Charles Todd ve "Uzun Gölge"si


Arka kapak:

"1919, yılbaşı gecesi. Scotland Yard dedektifi Ian Rutledge kız kardeşiyle birlikte, ortak bir arkadaşlarının evinde verdiği kutlama yemeğine gider, ancak işyerinden aldığı bir telefon oradan erken ayrılmasına sebep olur. dışarıda yürürken boş bir mermi kovanı bulur; hala etkisinden kurtulamadığı savaş yılları boyunca sayısız kere gördüğü kovanlara benzemektedir, ama bir farkla, bu kovanın üzerinde işlemeler vardır. merakla cebine atar. çok kısa bir süre sonra, kesinlikle beklemediği bir yerde, bir tane daha bulacaktır. boş kovanlar savaşla ilgili bitmemiş bir işi işaret ediyor gibi görünür. karanlık bir sırrı olan Rutledge zaten akıl sağlığının sınırlarında gezmektedir. ve şimdi biri onu avlamak istiyor. Ama kim? Ve Rutledge bunun sebebini öğrenecek kadar uzun yaşayabilecek mi?"

offf, elbette yaşayacak. kitabın üzerine "bir dedektif Rutledge hikayesi" diye yazarsan tek bir okur bile "ay, yaşıycak mı acaba?" diye sormaz herhalde! neyse...
bi kere polisiye seviyoruz, bu kayıtlara geçsin.
Ayrıca kapağında "bir .....(kahramanımız artık kimse)..... kitabıdır/polisiyesidir/macerasıdır/öyküsüdür" şeklinde ibare olan polisiyeleri daha çok seviyoruz. bu şekilde hayranı olduğum bikaç dedektif ve hatta bir de her seferinde cinayet çözmek zorunda kalan bir hırsız var:) fırsat buldukça geri dönüp dönüp bahsedilsin onlardan.
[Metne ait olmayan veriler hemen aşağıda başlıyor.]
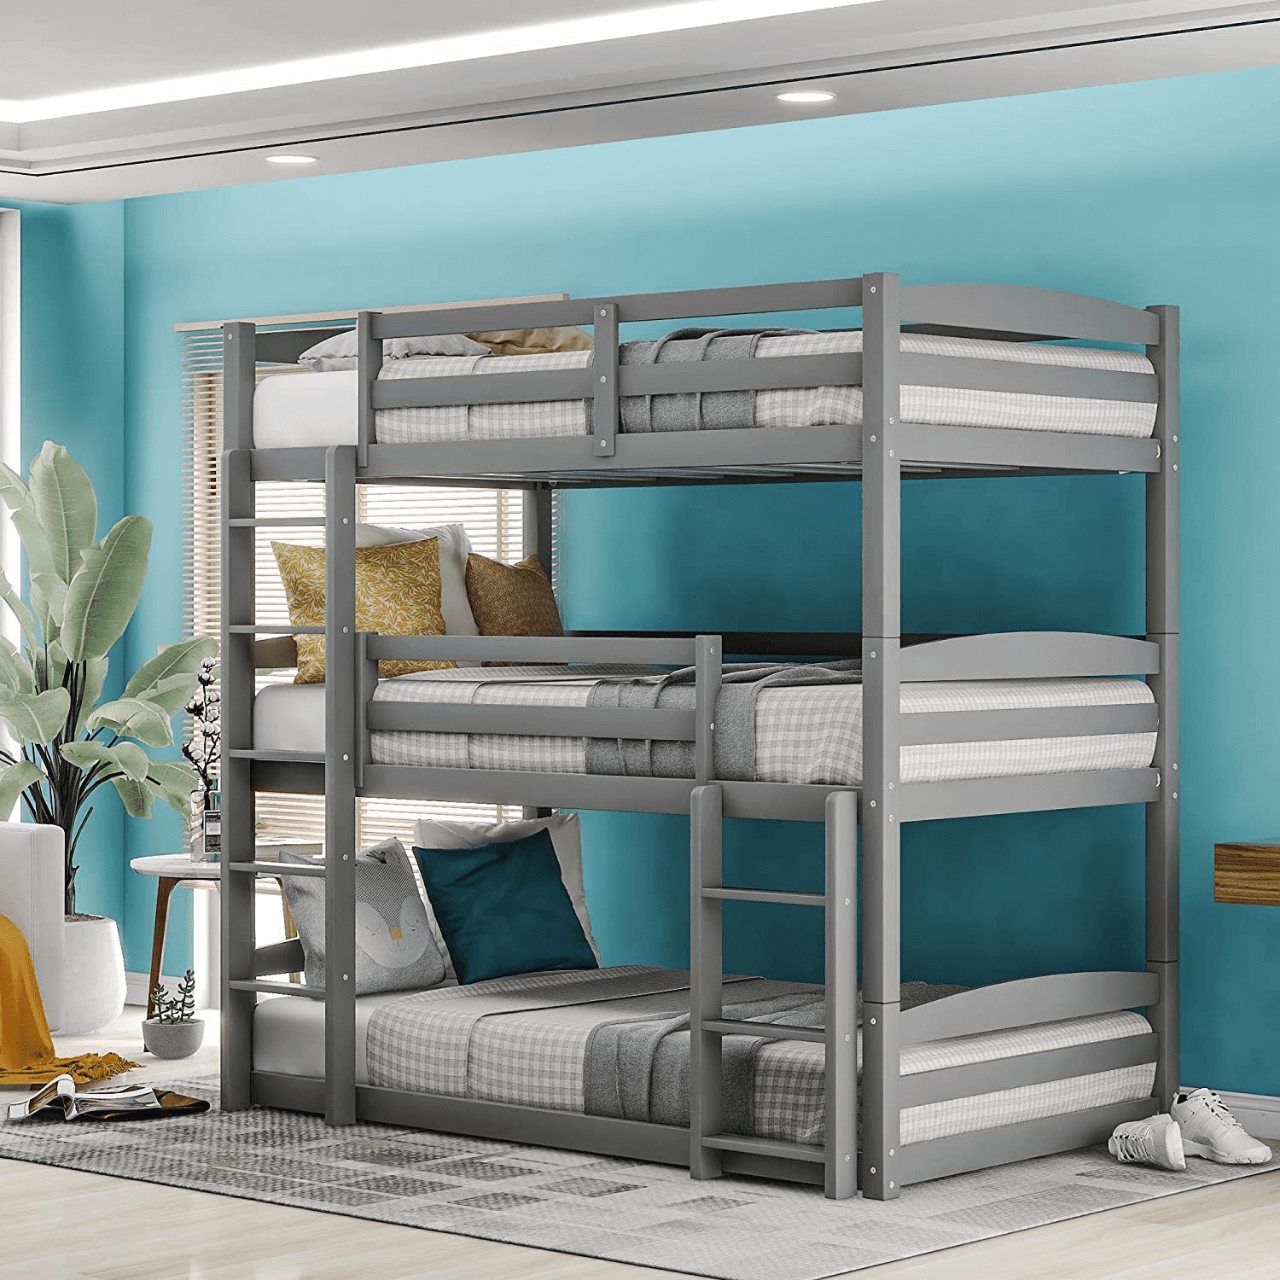 Mẫu giường có 3 tầng xếp chồng lên nhau giúp tiết kiệm diện tích căn phòng

Kitap Charles Todd'un Türkiye'de yayınlanan ilk ve tek kitabı. bu konuda canımı sıkan bir durumu derhal söylemem gerek. kitap ilk dedektif Rutledge kitabı değil. bu sebeple serinin gerilerinde kalan şu "savaş sırrı"nı bilemiyoruz. tabi aslında bunun serinin başında mı yoksa sonunda mı açıklandığını da bilemiyoruz, aynen serinin henüz bir sonu var mı bilemediğimiz gibi... Uzun Gölge (yayınlanma sırasıyla bakmak gerek değil mi?) piyasaya çıkan 8. Ian Rutledge kitabı. şu ana kadar da 10 tane çıkmış. (aşağıdaki listede yazar abinin kitaplarını görebilirsiniz.) insan arayıp sormak istiyor, neden en başından başlamadınız? belki en çok satan buydu, dizilere pilot çekilmesi gibi bi attılar bunu ortaya, tutarsa bakarız mı dediler artık, aman neyse işte;, yayınevlerinin tercihleri okurun çenesini yoruyor gördüğünüz gibi. (sormak lazım di mi?)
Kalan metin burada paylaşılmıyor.